• _Task brief_:
From the listing that follows, output everything exactly except the pictures.

• _Data_:
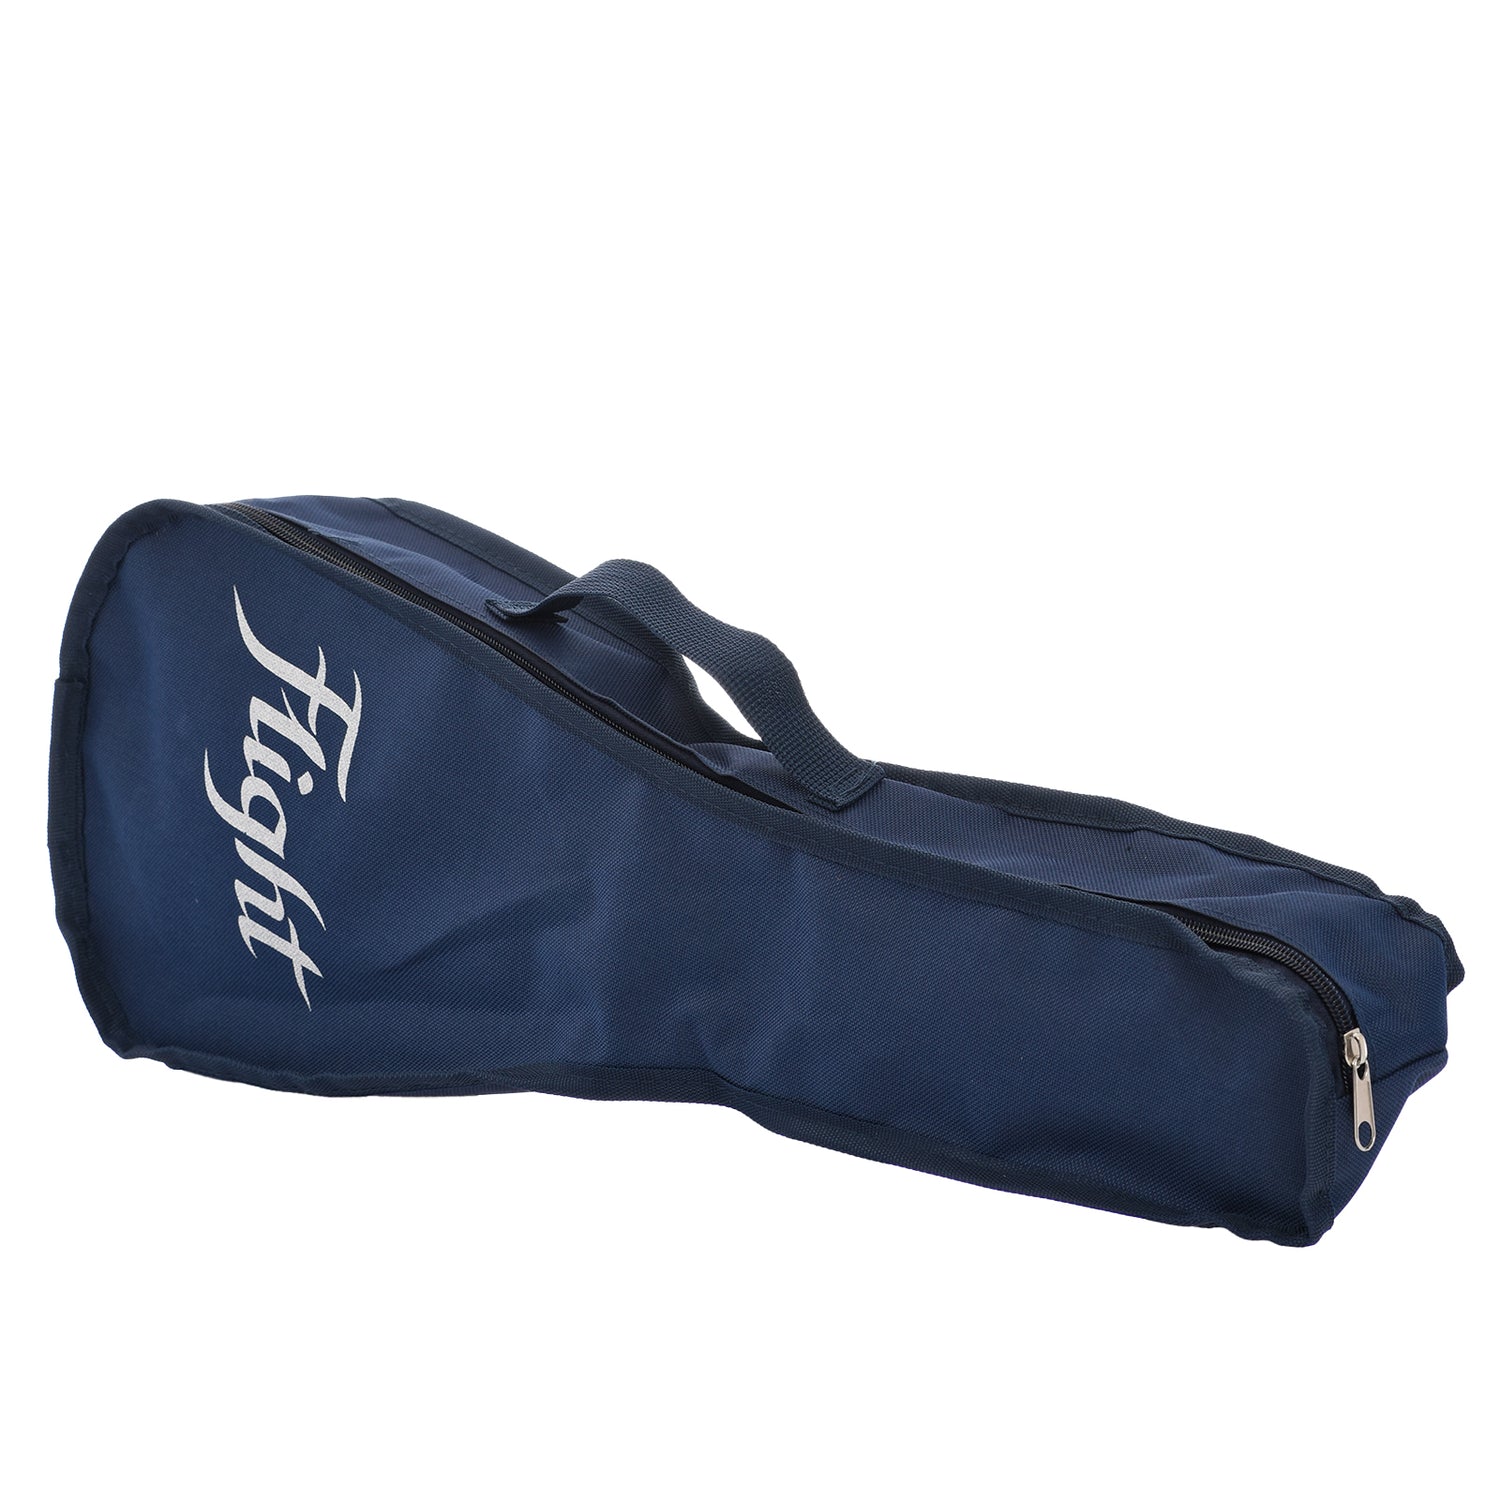 Gig bag for Flight Travel Series TUS65 Ruby Soprano Uke
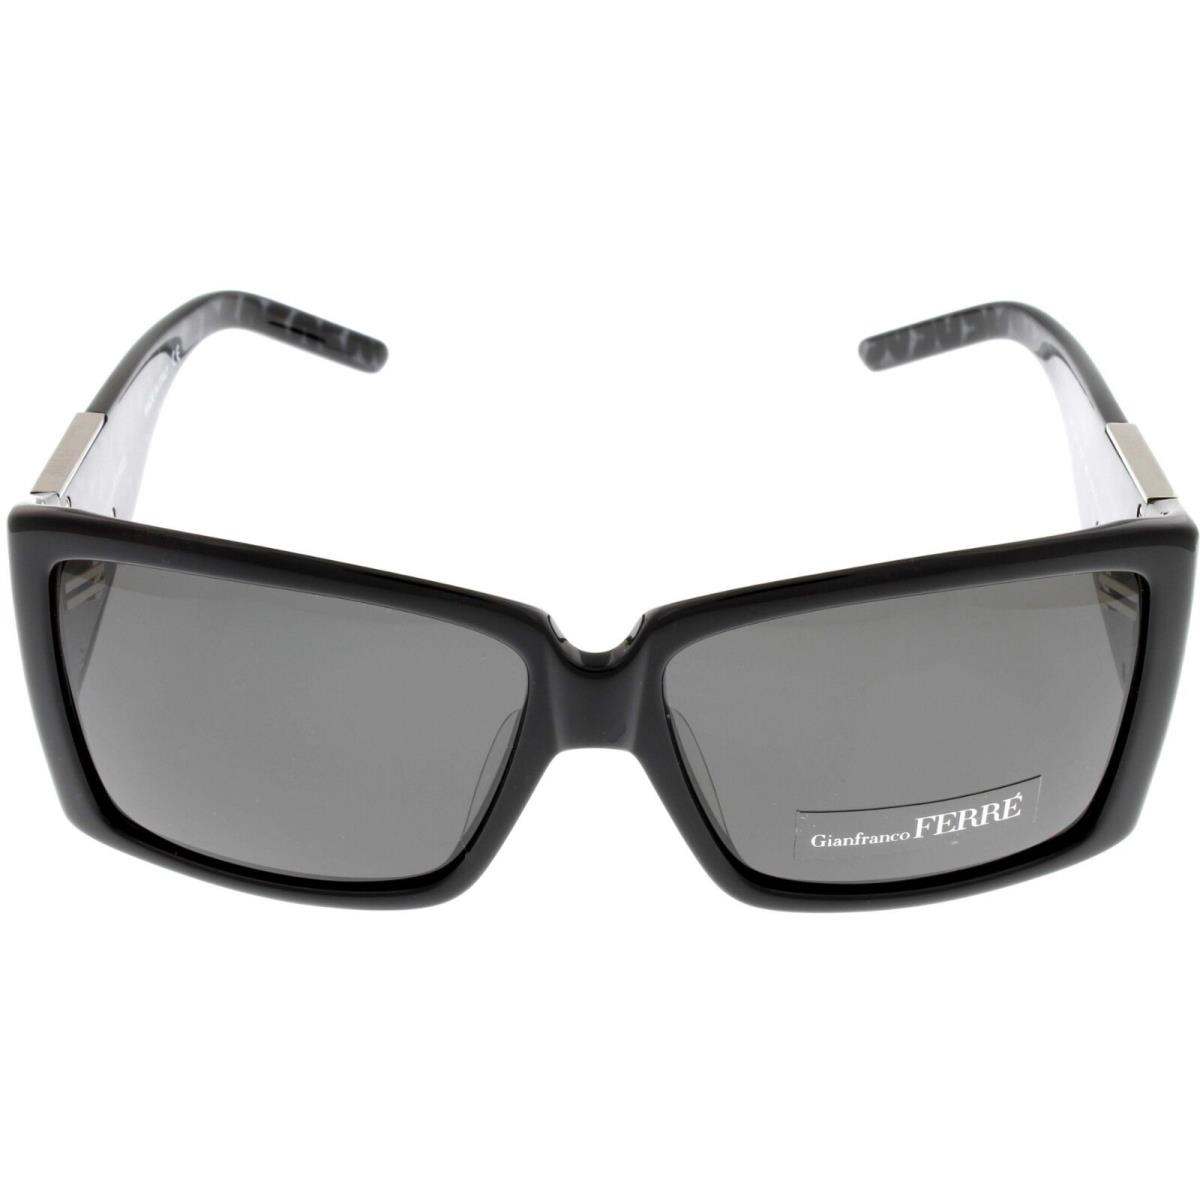 Gianfranco Ferre Sunglasses Women Black Palladium Rectangular GF957 01
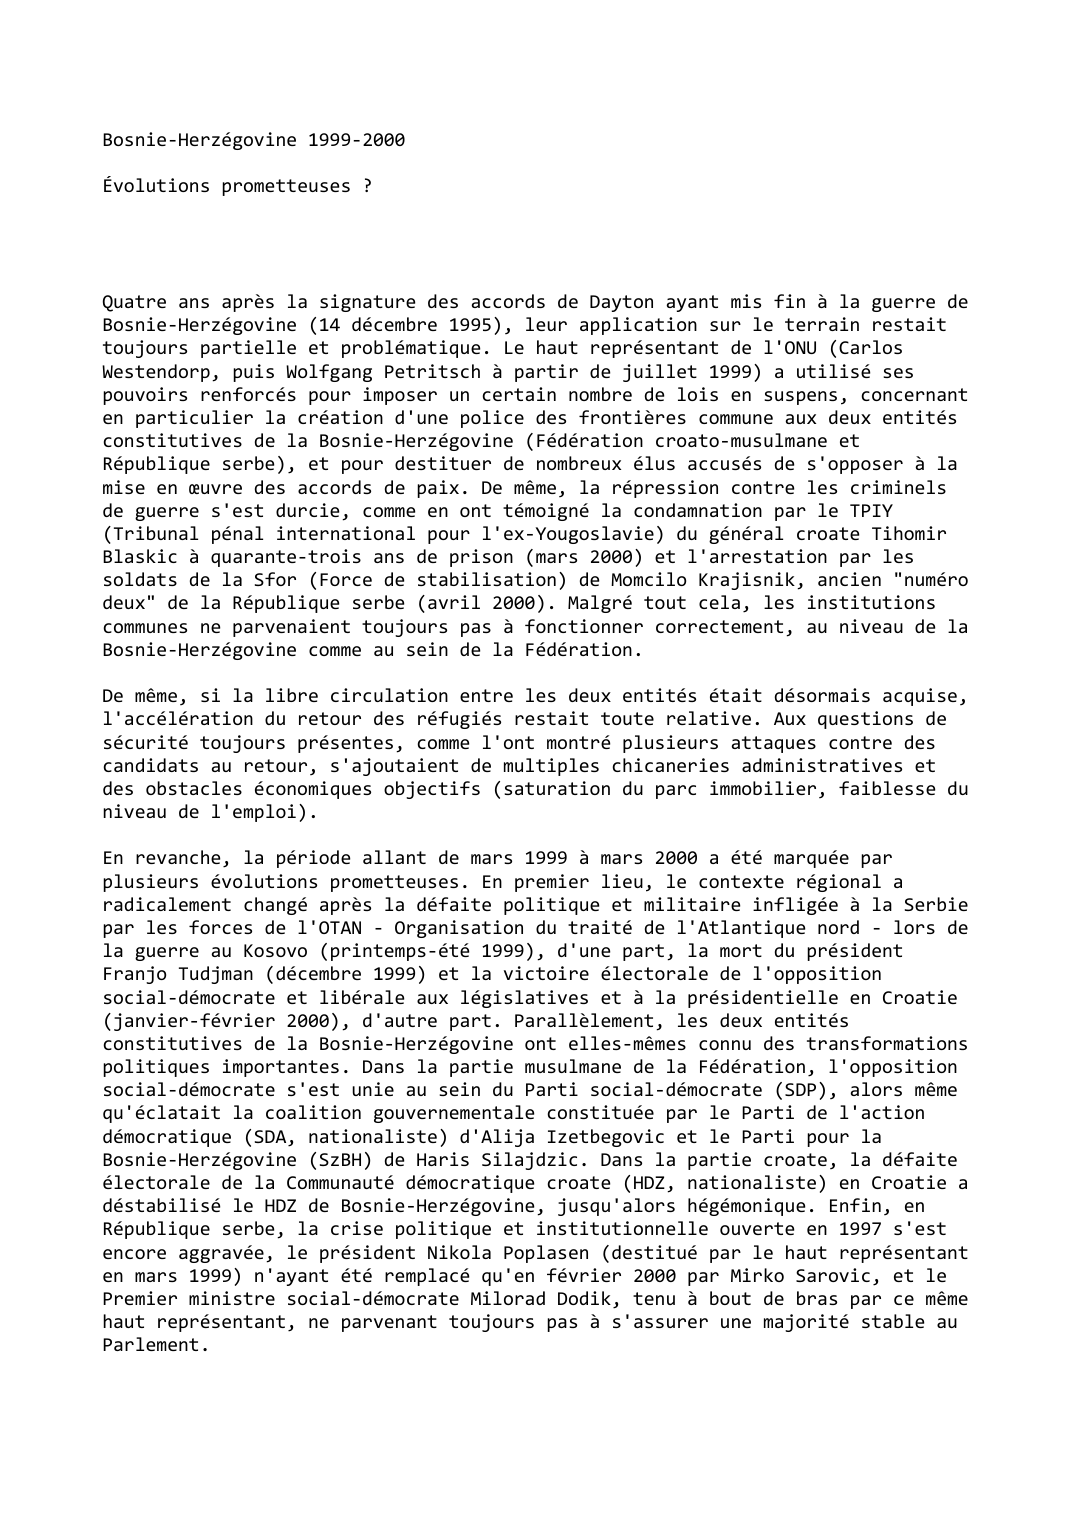 Prévisualisation du document Bosnie-Herzégovine (1999-2000): Évolutions prometteuses ?

• _Answer to this problem_:
 Gig bag for Flight Travel Series TUS65 Ruby Soprano Uke
 Gianfranco Ferre Sunglasses Women Black Palladium Rectangular GF957 01
 Prévisualisation du document Bosnie-Herzégovine (1999-2000): Évolutions prometteuses ?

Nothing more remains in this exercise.